Все, хватит! Теперь он не пошлет собственного начальника штаба выяснять обстановку, не станет постоянно согласовывать свои действия с императором, который сначала поддается влиянию не в меру осторожных советчиков и отвергает обоснованность его решительных планов, потом же выставляет их как свои собственные, горько сожалея об упущенных возможностях и беспрестанно проливая слезы по поводу тяжкой участи русского воинства.

Чуткий и внимательный Газенкампф, по-моему, все же недопонял этого порыва, когда свел его к «прирожденной непоседливости и неугомонности» великого князя[856].

А Гурко тем временем продолжал наступать. 17 (29) ноября были заняты оставленные противником позиции у Врачеша и Лютикова. Турки отступили так поспешно, что не успели уничтожить огромные склады боеприпасов, обмундирования и продовольствия у Врачеша. Доставшиеся русскому отряду запасы предназначались для отправки в Плевну и были рассчитаны на полное обеспечение 50-тысячной армии в течение двух месяцев.


14 (26) ноября активизировалась восточная группировка противника. У Трестеника и Мечки турки атаковали позиции XII корпуса, но были довольно быстро отбиты. А 22 ноября (4 декабря) уже южнее, почти у самого склона Балкан, неприятель повел атаку на Златарицу и Елену, стремясь затем пробиться к Тырнову.
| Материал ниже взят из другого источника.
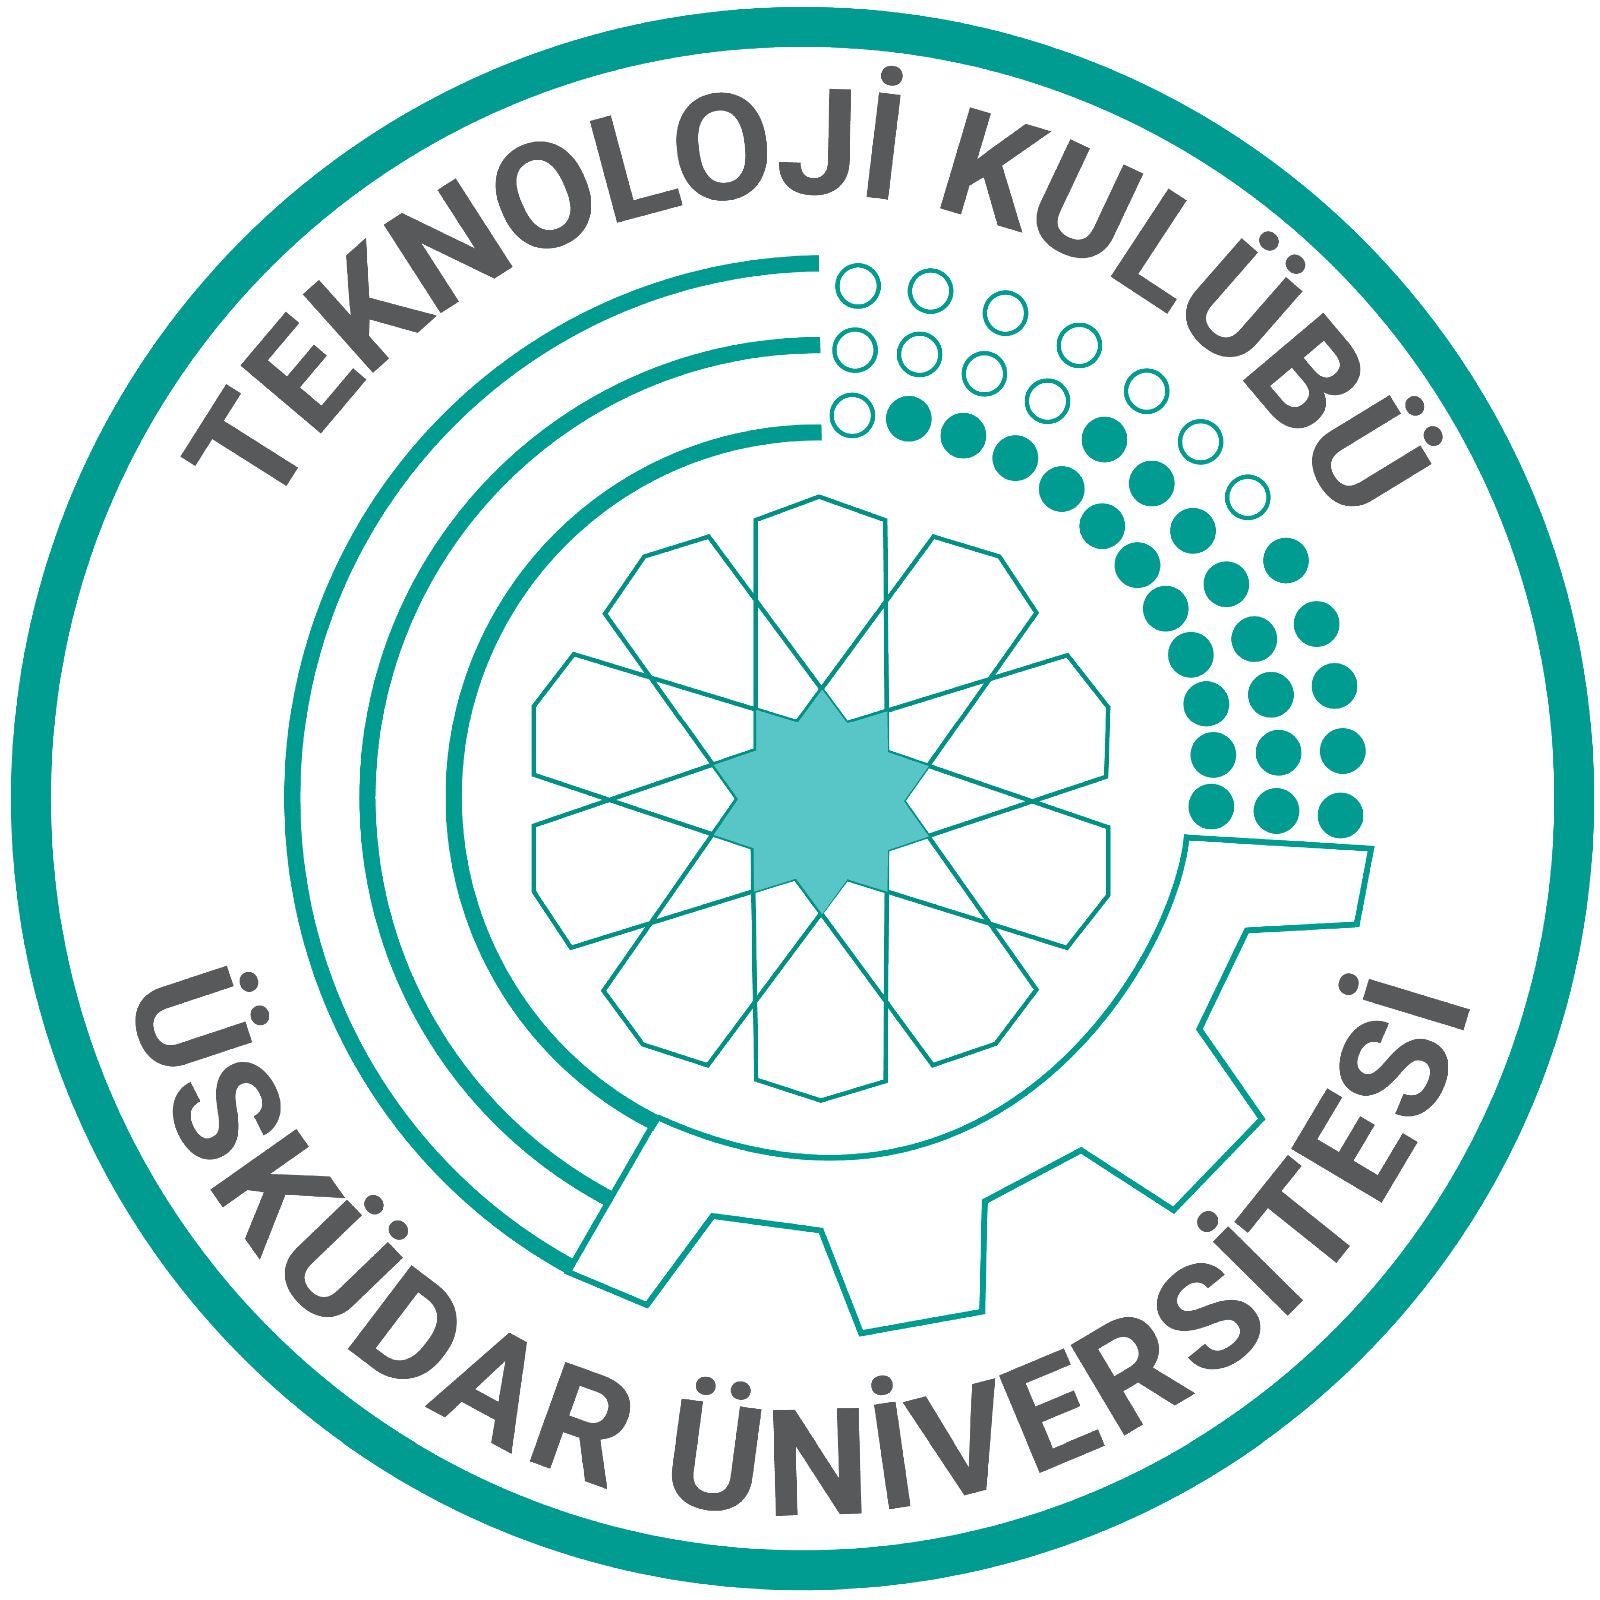 Üsküdar Üniversitesi Teknoloji Kulübü

Части отряда Святополк-Мирского вынуждены были очистить Златарицу, после семичасового боя оставить передовые позиции у Елены, а затем и сам город, отступив к укреплениям у деревни Яковцы. Однако турки довольно быстро выдохлись, и уже 22 ноября (6 декабря) русские отбили Златарицу, а к 25 ноября (7 декабря) бои на этом направлении стихли. Организовать же новую волну наступления турецкое командование было уже неспособно, к тому же, взяв Елену, турки подставили свой правый фланг под удар частей XIII корпуса.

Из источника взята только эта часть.